• _What you have to do_
Would you retype the listing word for word, skipping its pictures?

• _Source material_
*** Begin section ***
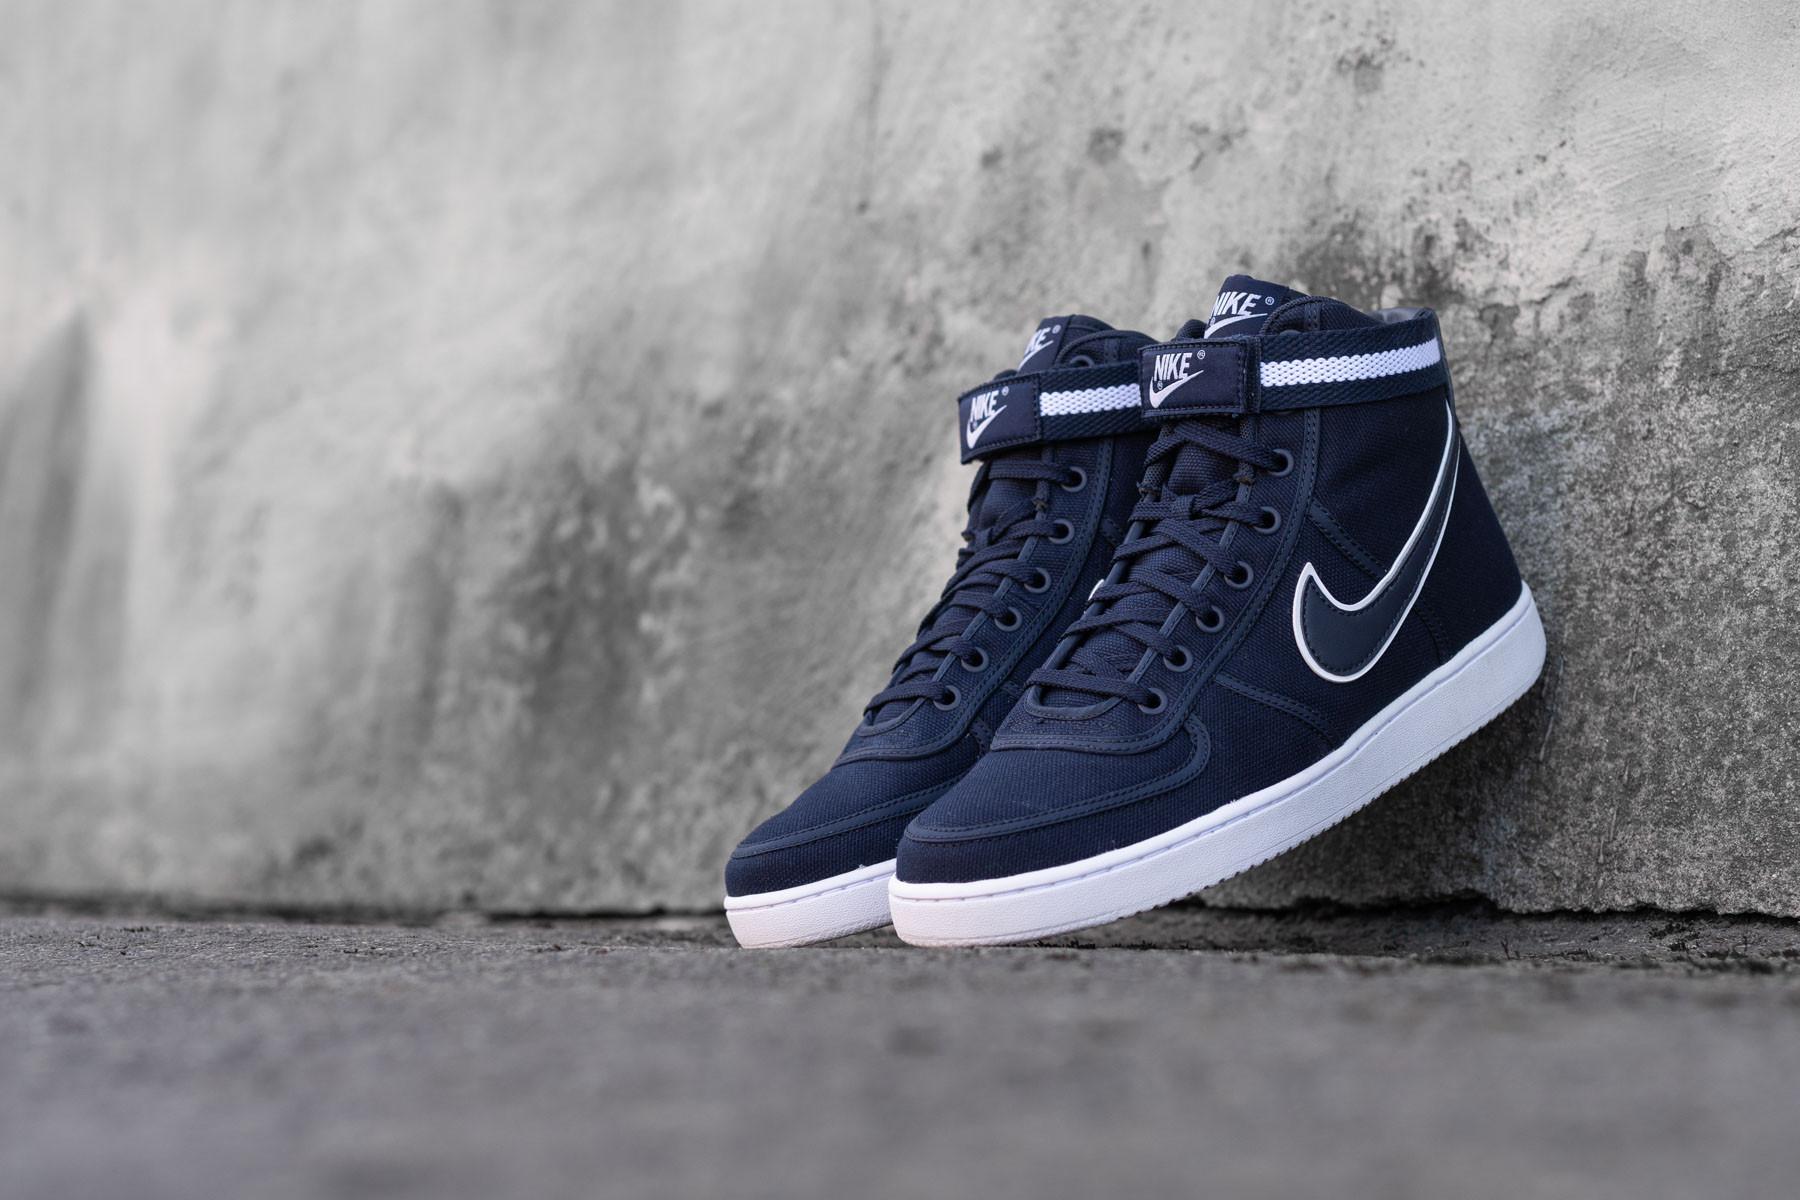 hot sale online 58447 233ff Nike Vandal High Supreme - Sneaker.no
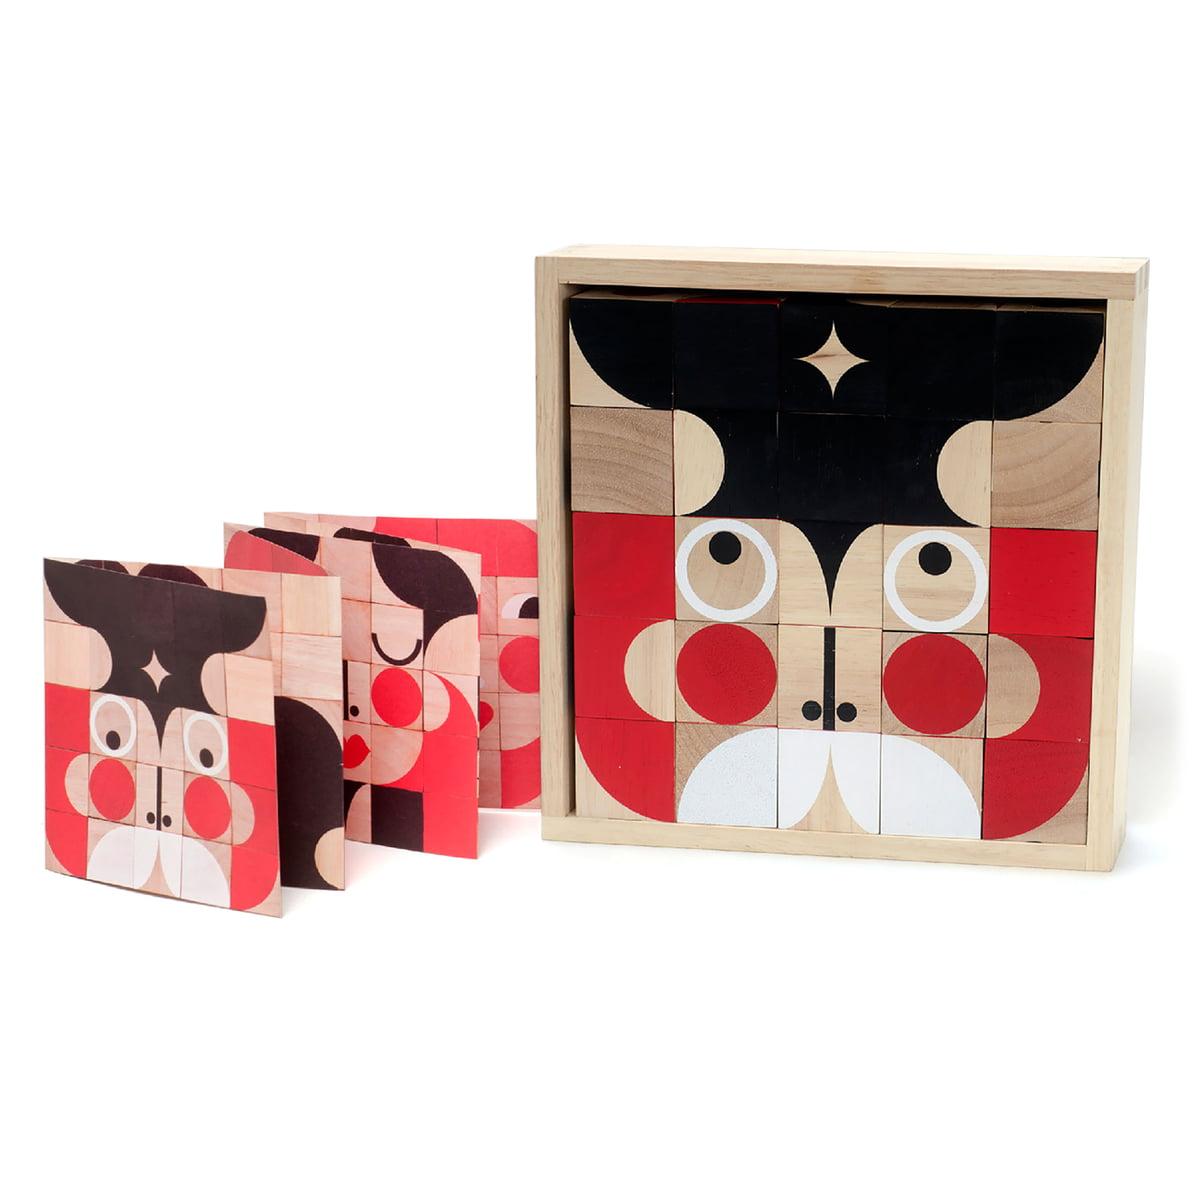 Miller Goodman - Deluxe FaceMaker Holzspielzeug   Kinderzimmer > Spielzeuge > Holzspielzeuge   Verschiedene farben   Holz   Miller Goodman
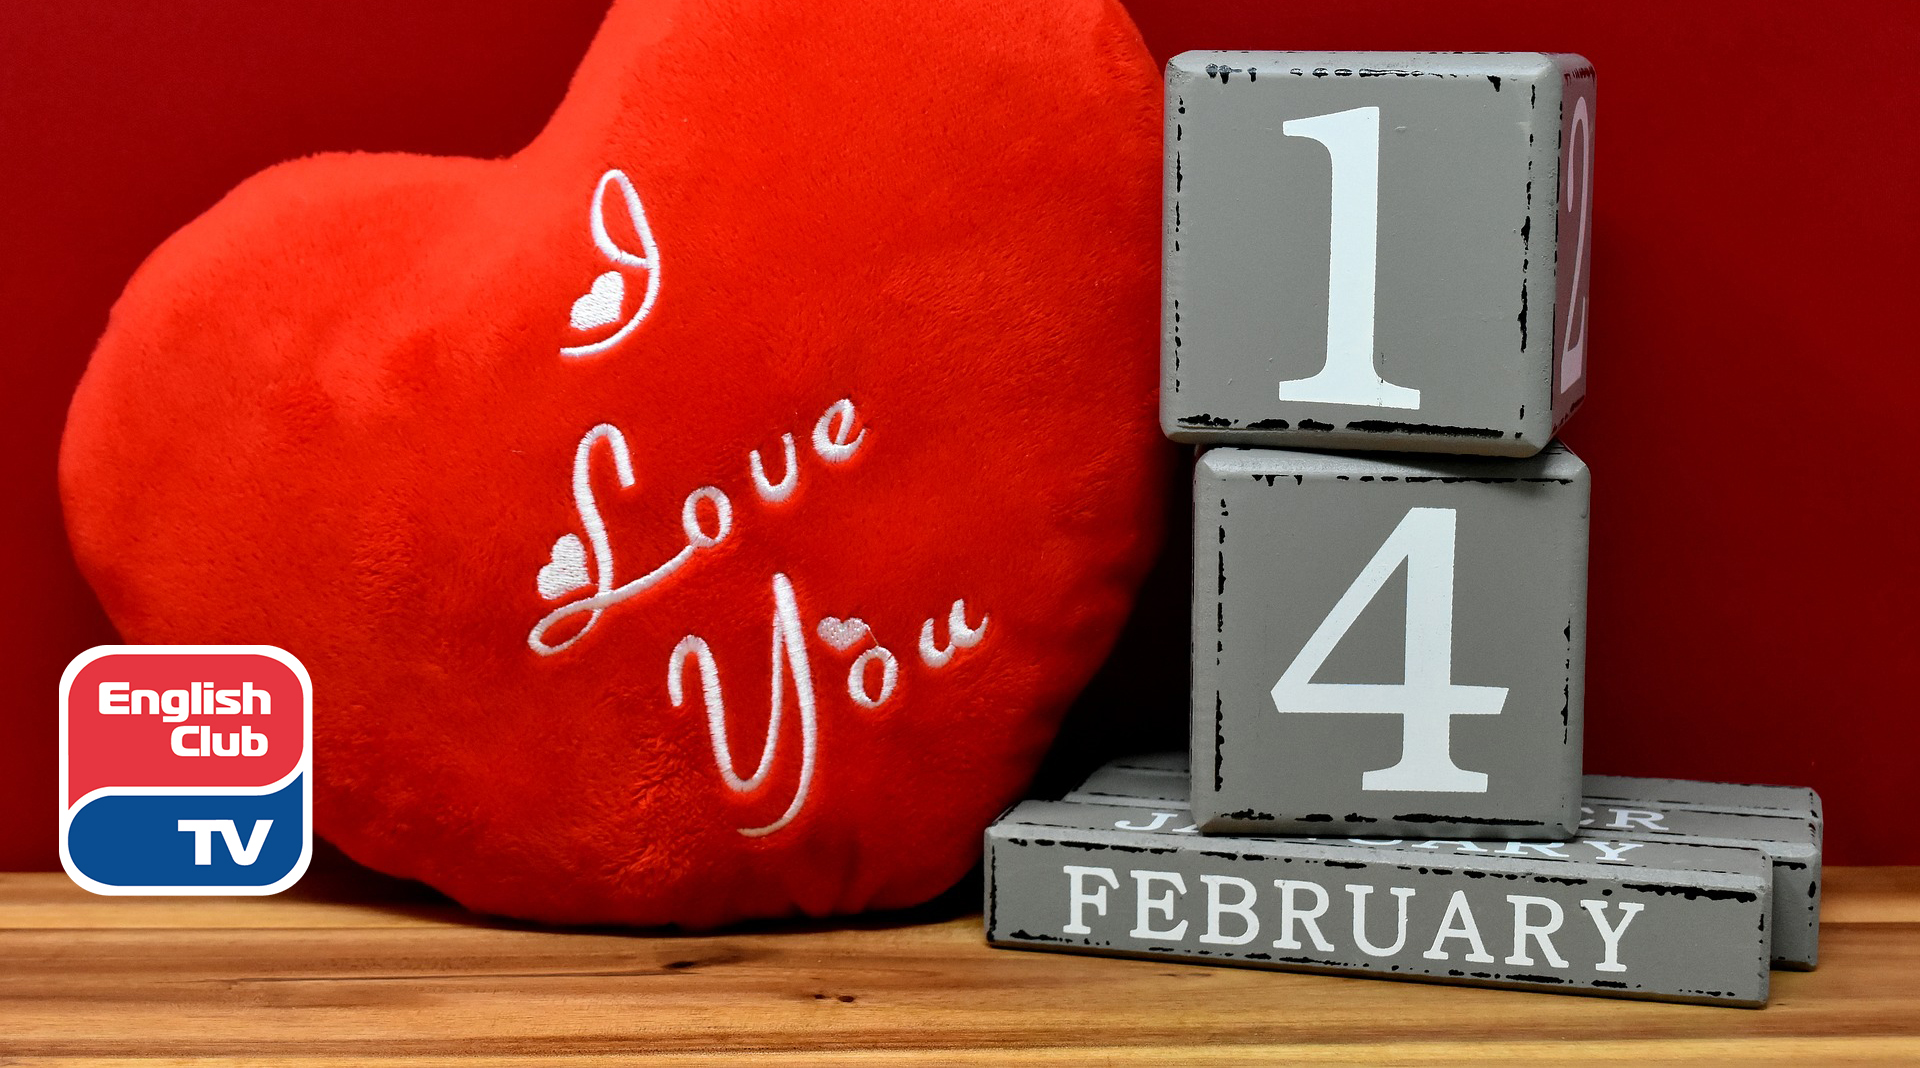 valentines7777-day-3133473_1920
*** End section ***
• _Response box_
 hot sale online 58447 233ff Nike Vandal High Supreme - Sneaker.no
 Miller Goodman - Deluxe FaceMaker Holzspielzeug   Kinderzimmer > Spielzeuge > Holzspielzeuge   Verschiedene farben   Holz   Miller Goodman
 valentines7777-day-3133473_1920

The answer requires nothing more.